• **Collected material**:

+===+

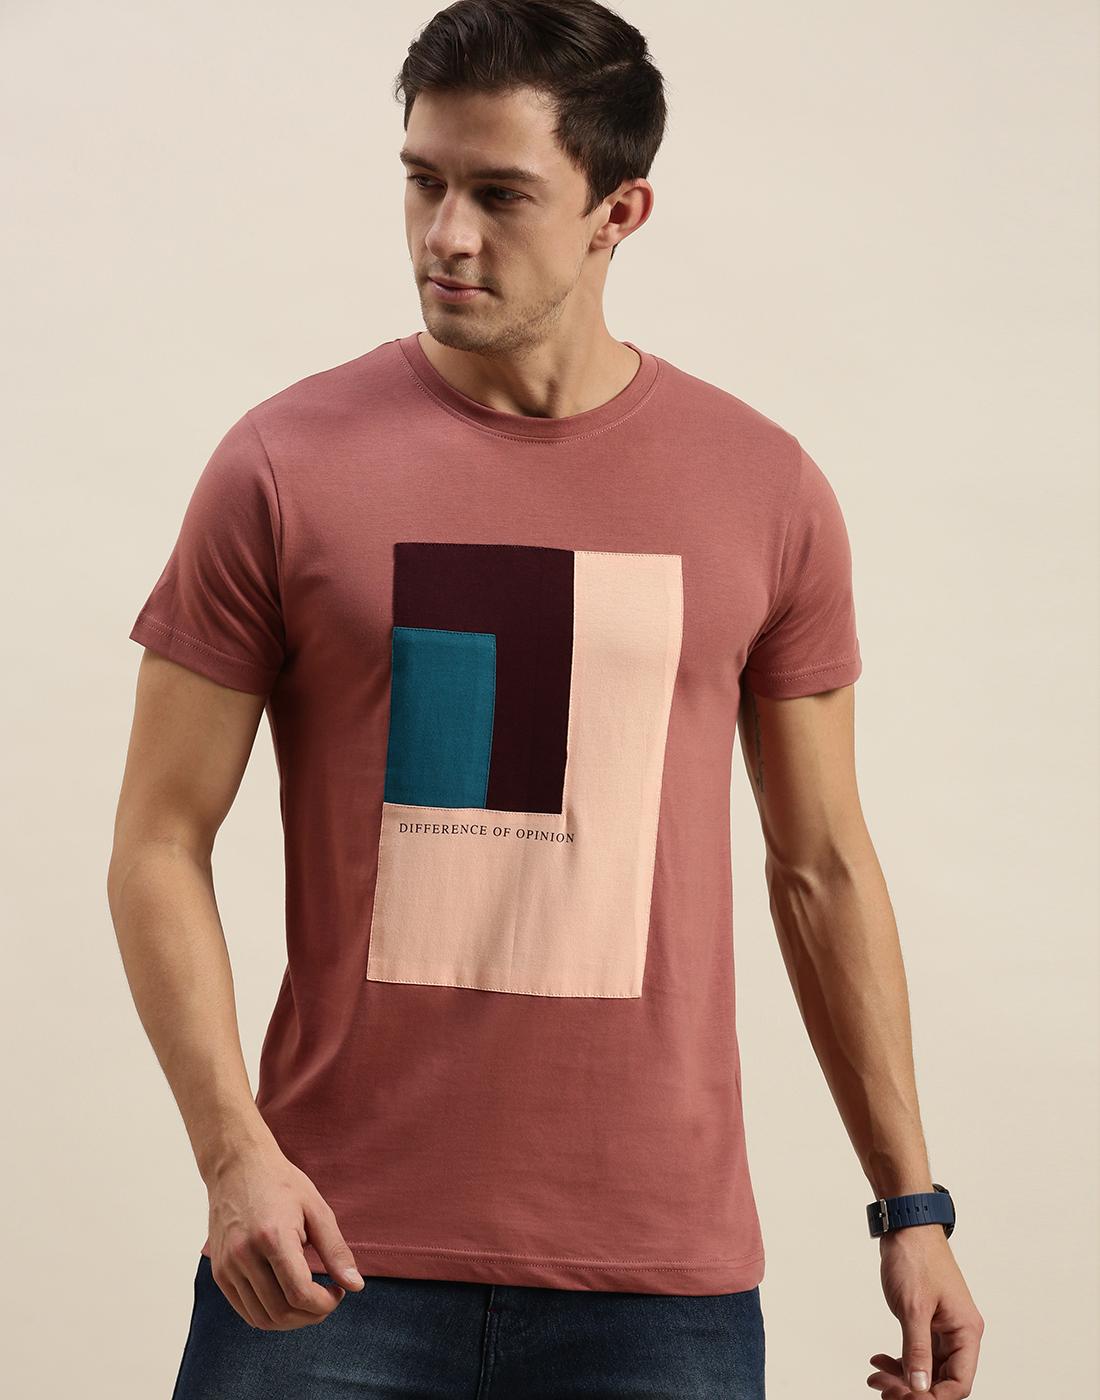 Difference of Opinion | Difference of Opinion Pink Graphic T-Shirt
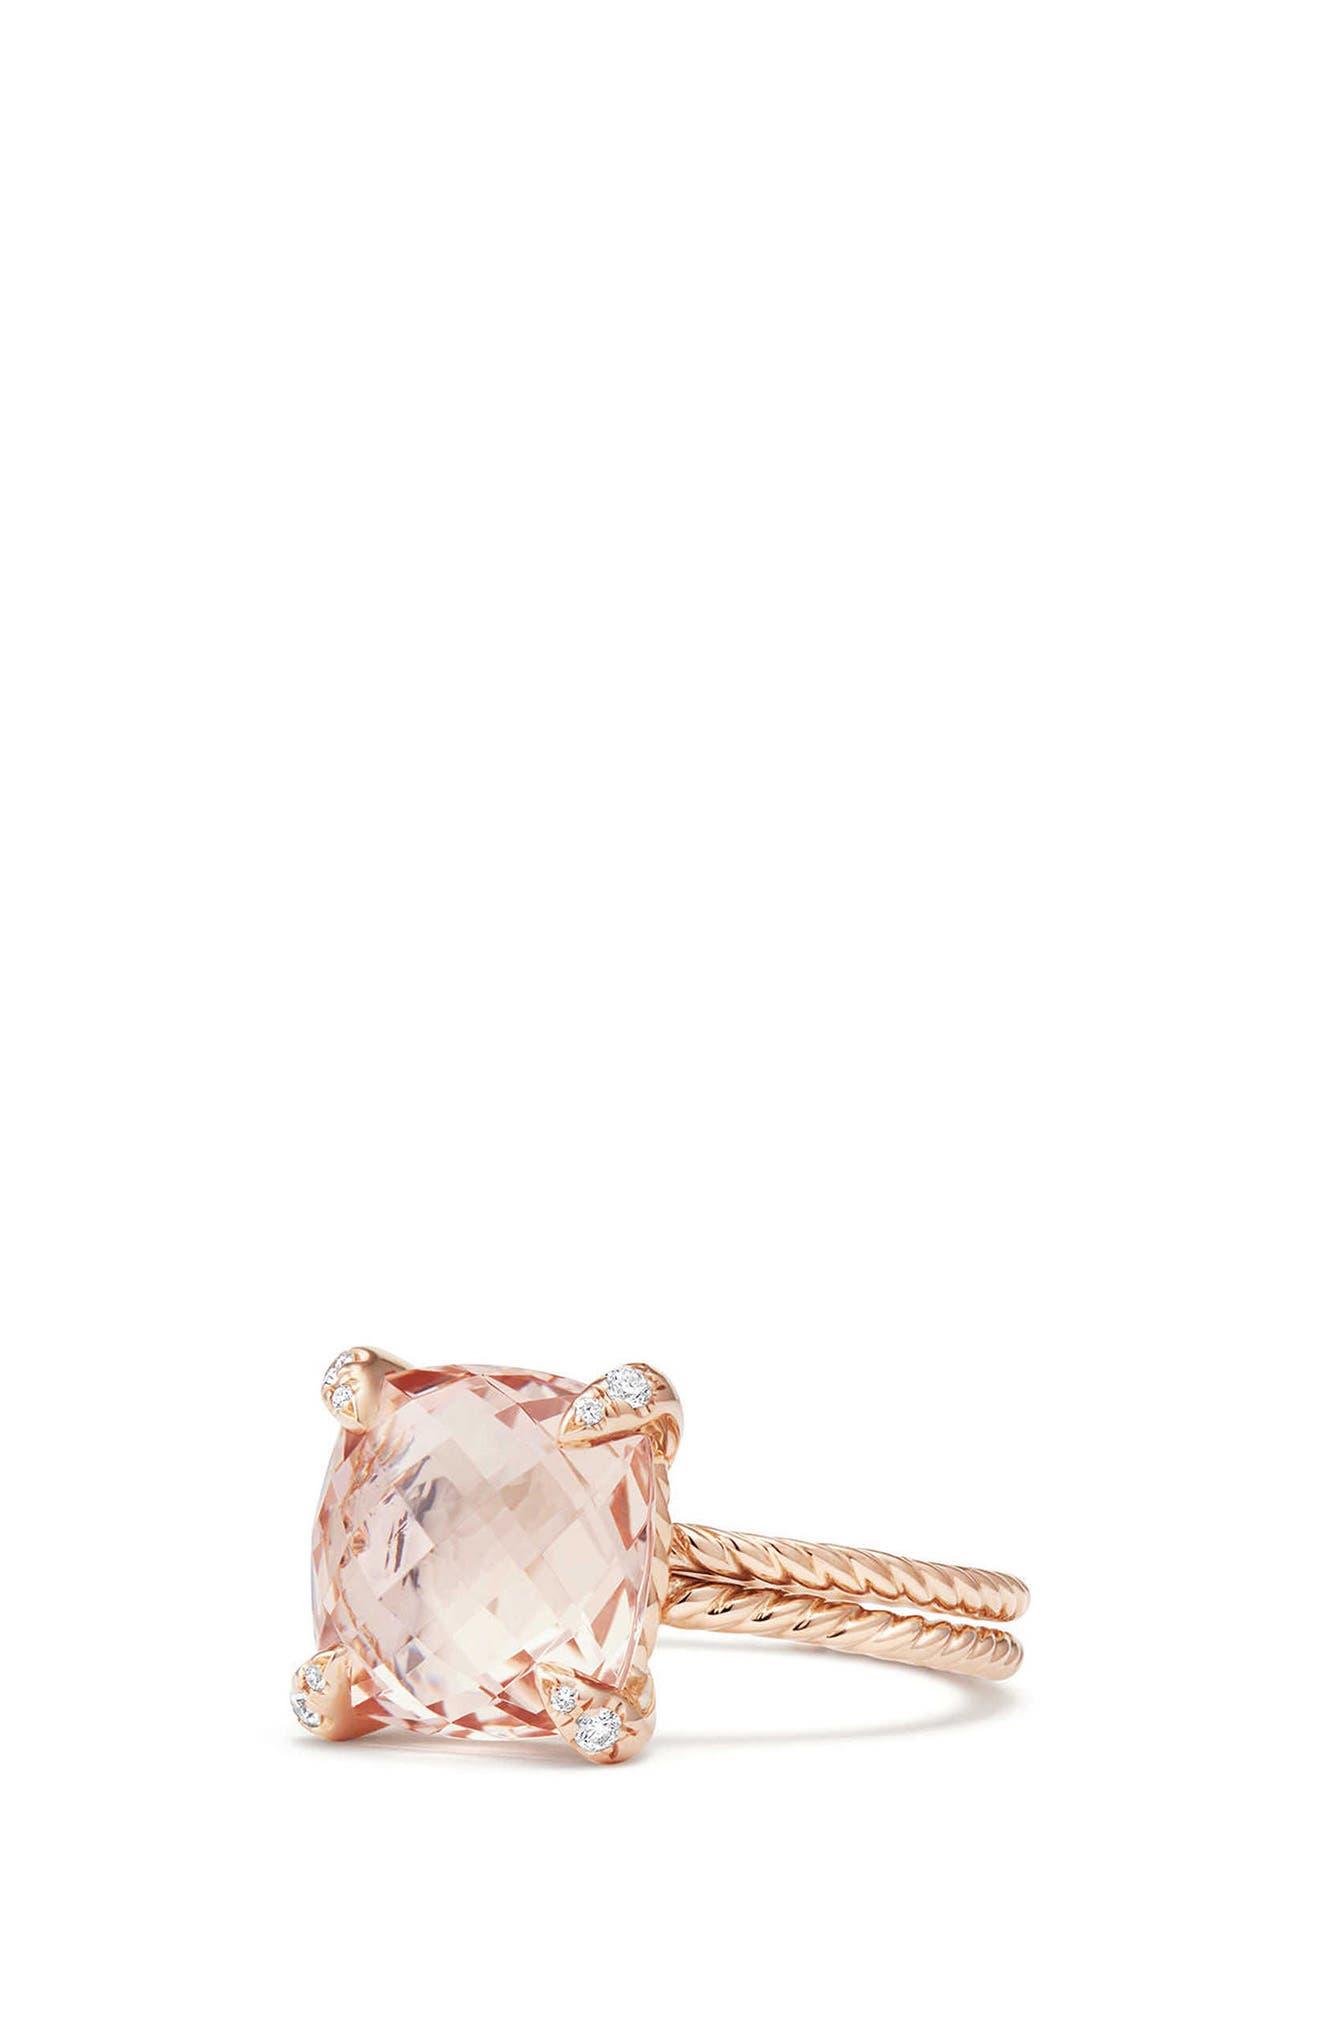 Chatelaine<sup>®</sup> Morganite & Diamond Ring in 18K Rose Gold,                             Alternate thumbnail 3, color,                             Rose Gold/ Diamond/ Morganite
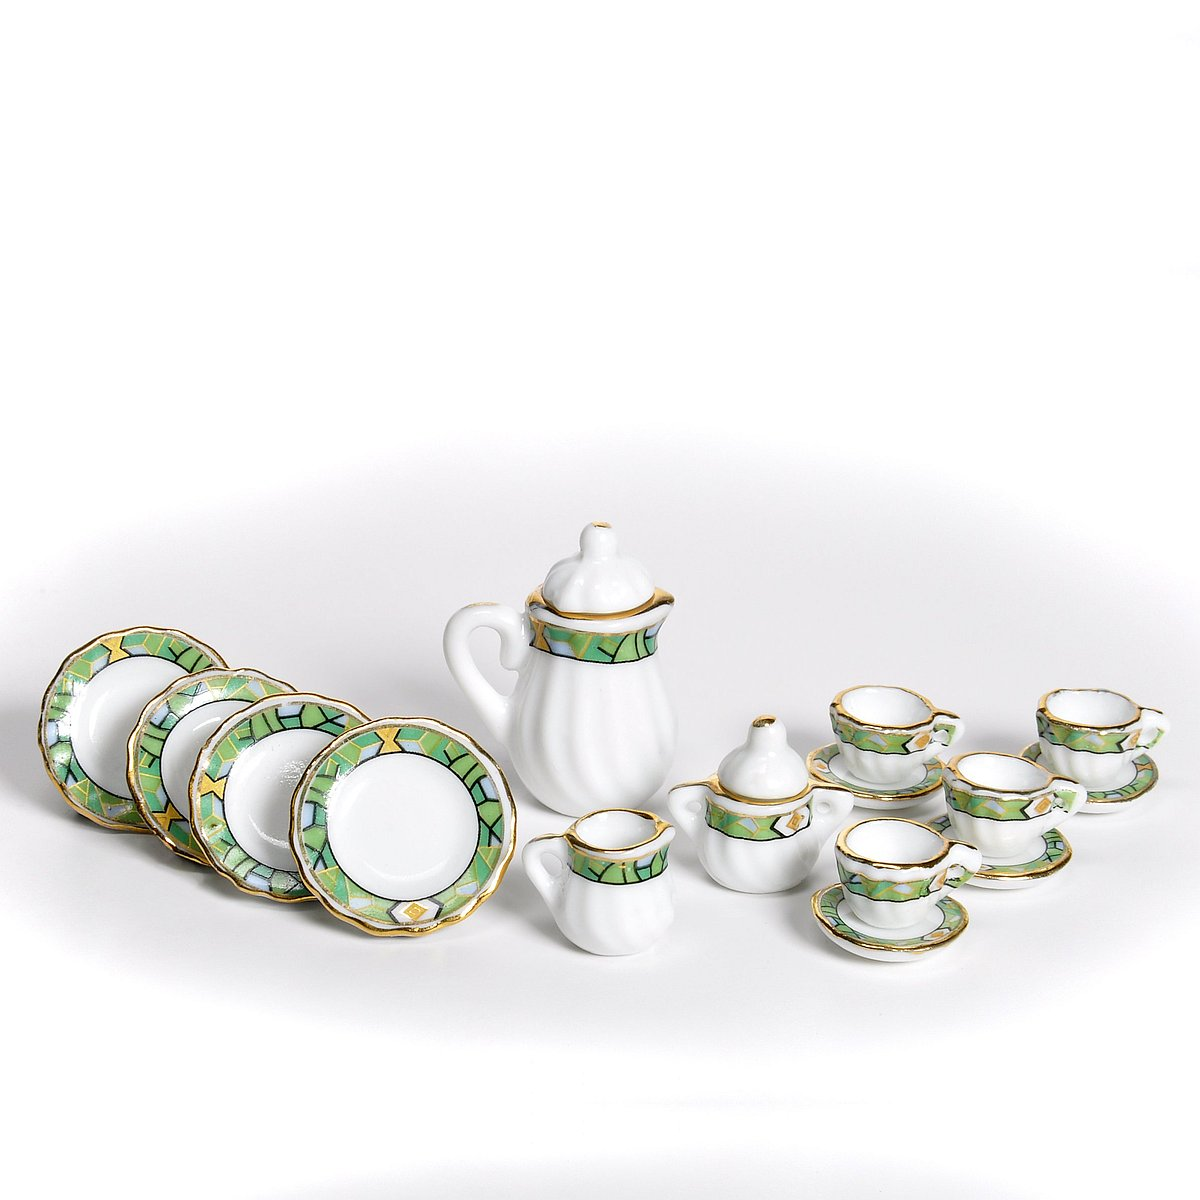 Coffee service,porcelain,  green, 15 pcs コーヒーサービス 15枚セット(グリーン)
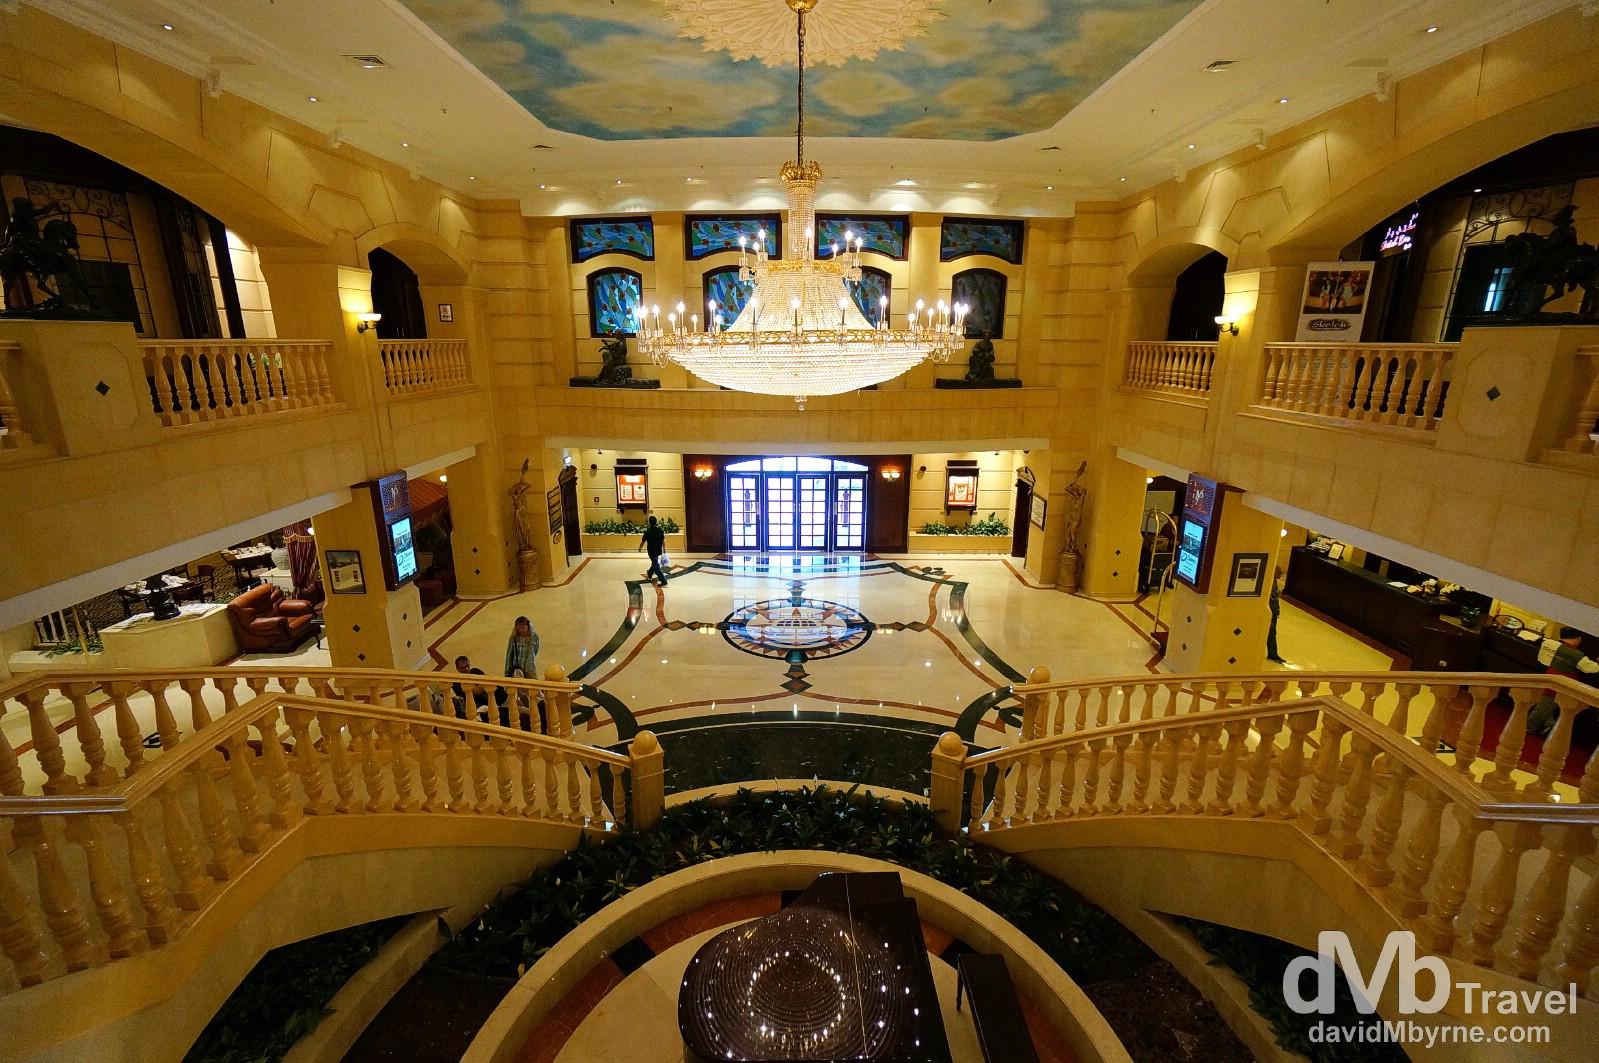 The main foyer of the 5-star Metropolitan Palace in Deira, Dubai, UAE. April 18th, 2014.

+===+

• **Task**:
Please provide a faithful transcription of all the data, pictures excluded.

• **The answer**:
 Difference of Opinion | Difference of Opinion Pink Graphic T-Shirt
 Chatelaine<sup>®</sup> Morganite & Diamond Ring in 18K Rose Gold,                             Alternate thumbnail 3, color,                             Rose Gold/ Diamond/ Morganite
 Coffee service,porcelain,  green, 15 pcs コーヒーサービス 15枚セット(グリーン)
 The main foyer of the 5-star Metropolitan Palace in Deira, Dubai, UAE. April 18th, 2014.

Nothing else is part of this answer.